Yes, much less freaky.

Actually, do you know what is even easier? Just make a git repo in your root dir. No more overthinking. Re-revised recommendation:

git init \$HOME
git config --local status.showUntrackedFiles no

Now! go forth and steal other peoples’ dotfile tricks.

## Bonus trick: host-proof your sync with encryption

There are tools to turn even your awful unencrypted untrustworthy system into an encrypted ones. Cryptomator is one cuddly friendly option. So is the more austere rclone, as mentioned earlier. These encrypt everything inside a certain sync, in particular stopping your snooping corporate sync provider from reading it. Even a crappy spying provider such as Google, Microsoft or Dropbox can be made safer.
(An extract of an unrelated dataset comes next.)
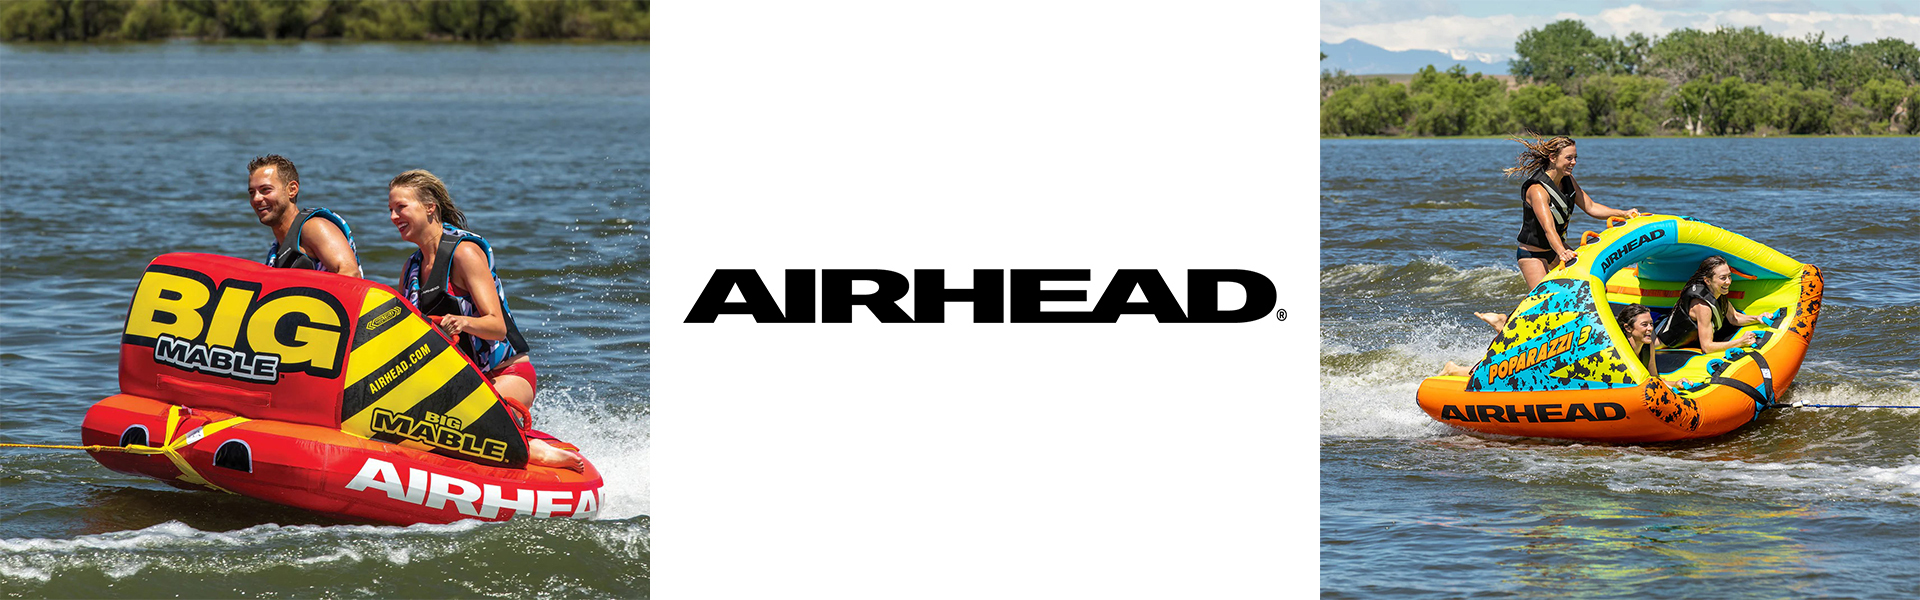 airhead-final-brand-banner.jpg
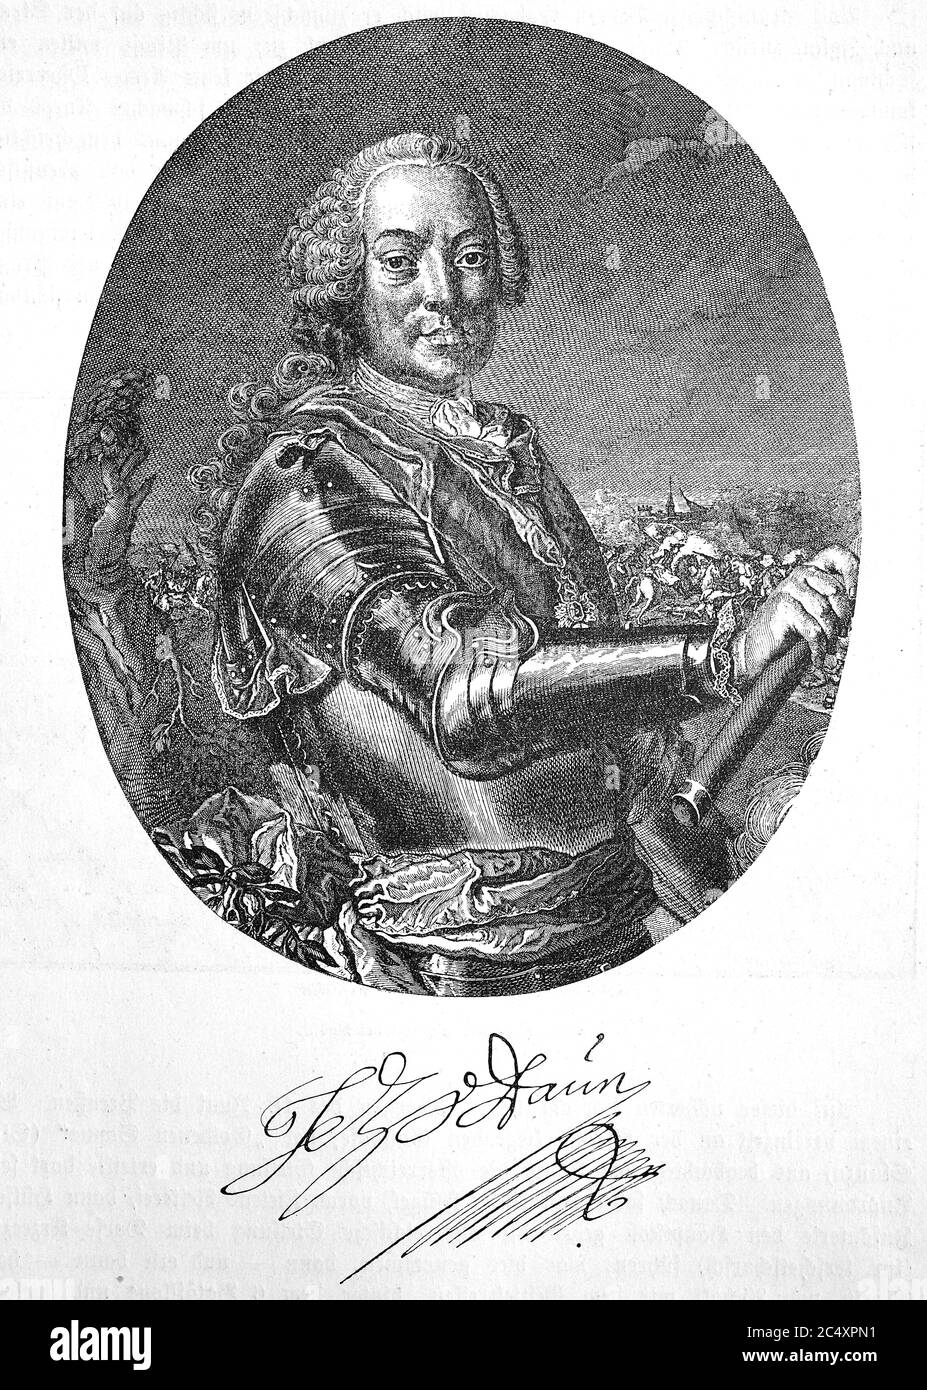 Leopoldo Giuseppe Graf di Daun, principe di Teano (* 24 settembre 1705; † 5 febbraio 1766) è stato un . 24 Settembre 1705; † 5. Febbraio 1766) war ein kaiserlicher und oesterreichischer Feldmarschall und Feldherr im Siebenjaehrigen Krieg' Foto Stock

Both those options are free and simple.

The drawbacks that immediately occur to me are

• this does not help with sharing files with peers, who still need to decrypt stuff somehow (although that’s a challenge for any encrypted service)
• you still have to run the provider’s sync software on your computer, which means trusting their client code if not their server code.
• files are encrypted individually so you are still leaking some information about what kind of files they are in their size and usage patterns.
• There are several solutions to do this, but they are use AFAICT incompatible encryption, so you can’t ebenfit from sharing files across many apps securely

NB you could do this anyway by manually encrypting everything, but would you? No, because it’s slow and tedious. You want a nice GUI like this.

If you don’t mind whether the files are local or not, you could use rclone’s encryption mode, which talks directly to the remote file store and also encrypts the content. Rclone can do everything.